_TASK BRIEF_
Pictures aside, please retype the whole listing word for word.

_DATASET EXCERPT_
========================================

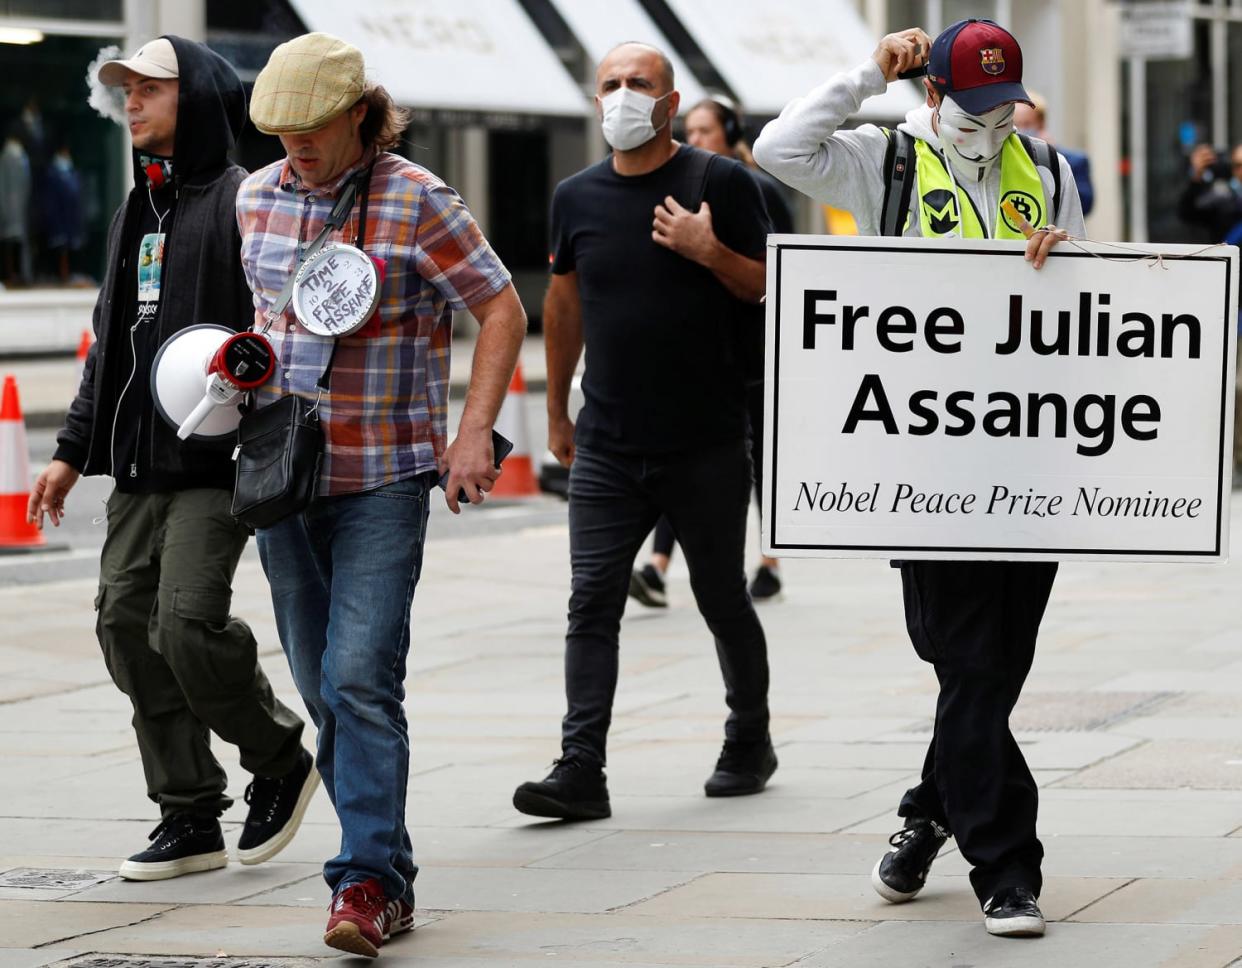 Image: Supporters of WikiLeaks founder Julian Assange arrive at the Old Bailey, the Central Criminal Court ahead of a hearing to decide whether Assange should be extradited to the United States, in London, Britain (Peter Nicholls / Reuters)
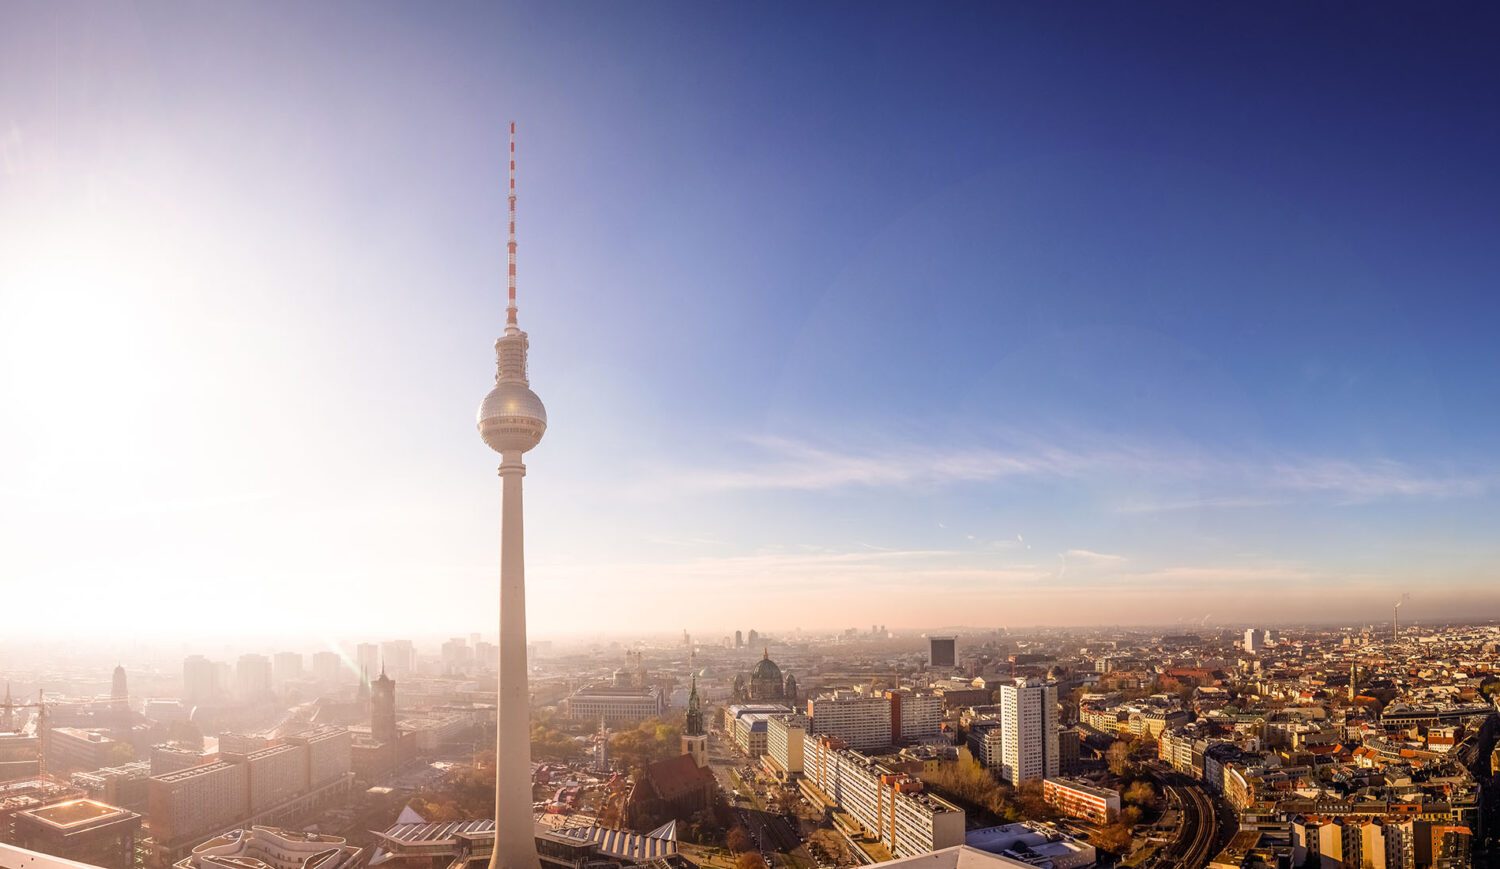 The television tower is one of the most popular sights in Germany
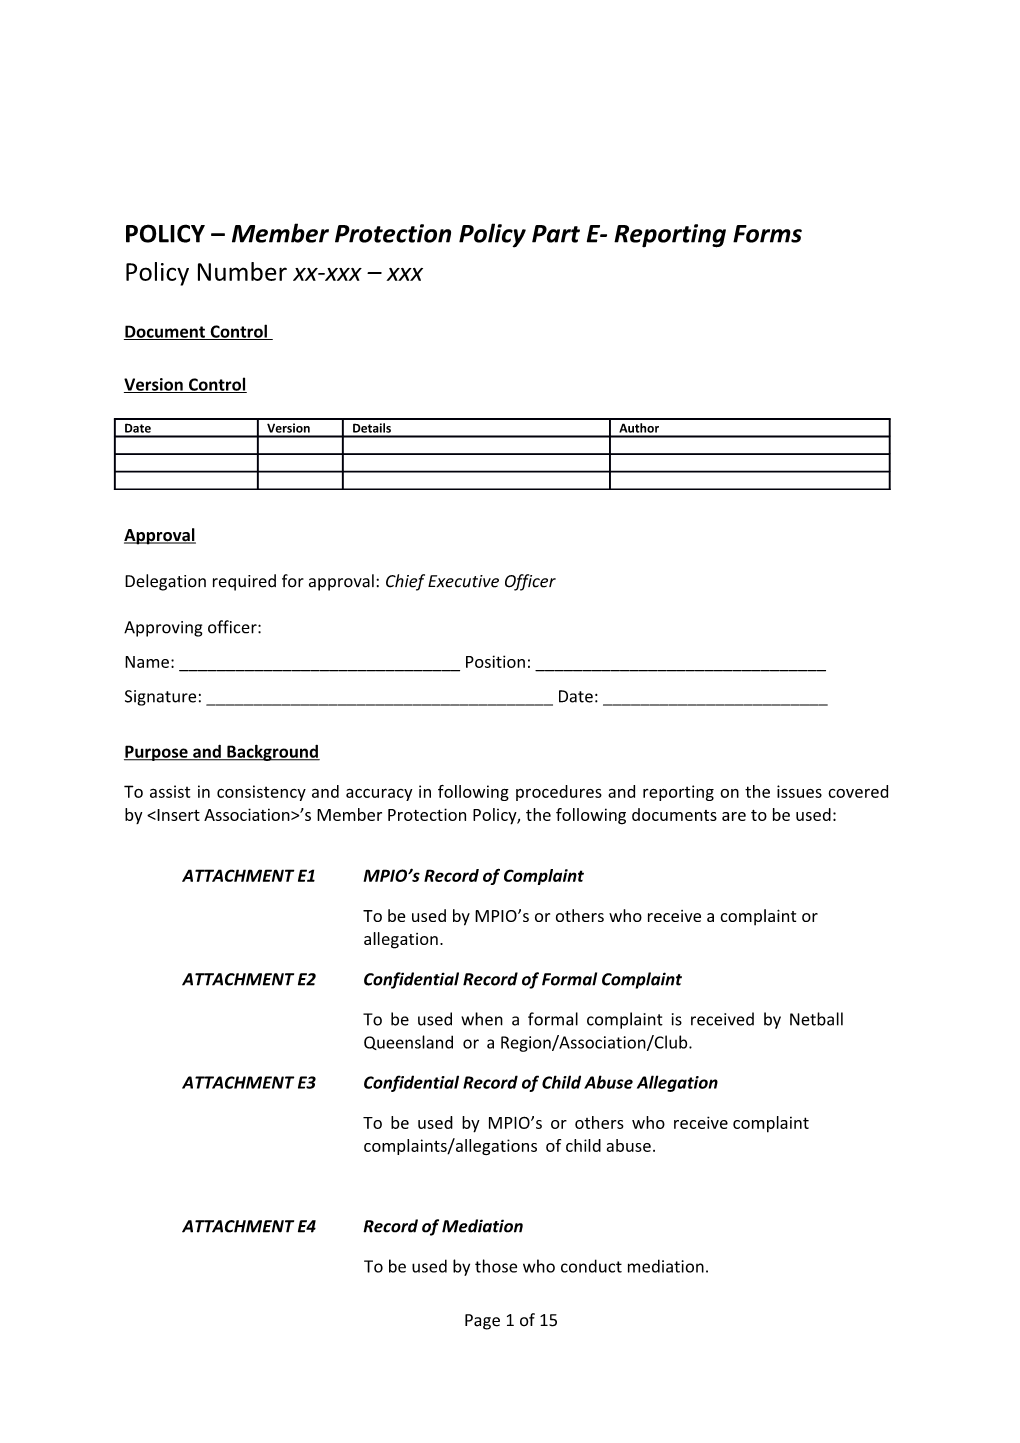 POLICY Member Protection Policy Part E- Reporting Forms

========================================

_OUTPUT FOR THIS TASK_
 Image: Supporters of WikiLeaks founder Julian Assange arrive at the Old Bailey, the Central Criminal Court ahead of a hearing to decide whether Assange should be extradited to the United States, in London, Britain (Peter Nicholls / Reuters)
 The television tower is one of the most popular sights in Germany
 POLICY Member Protection Policy Part E- Reporting Forms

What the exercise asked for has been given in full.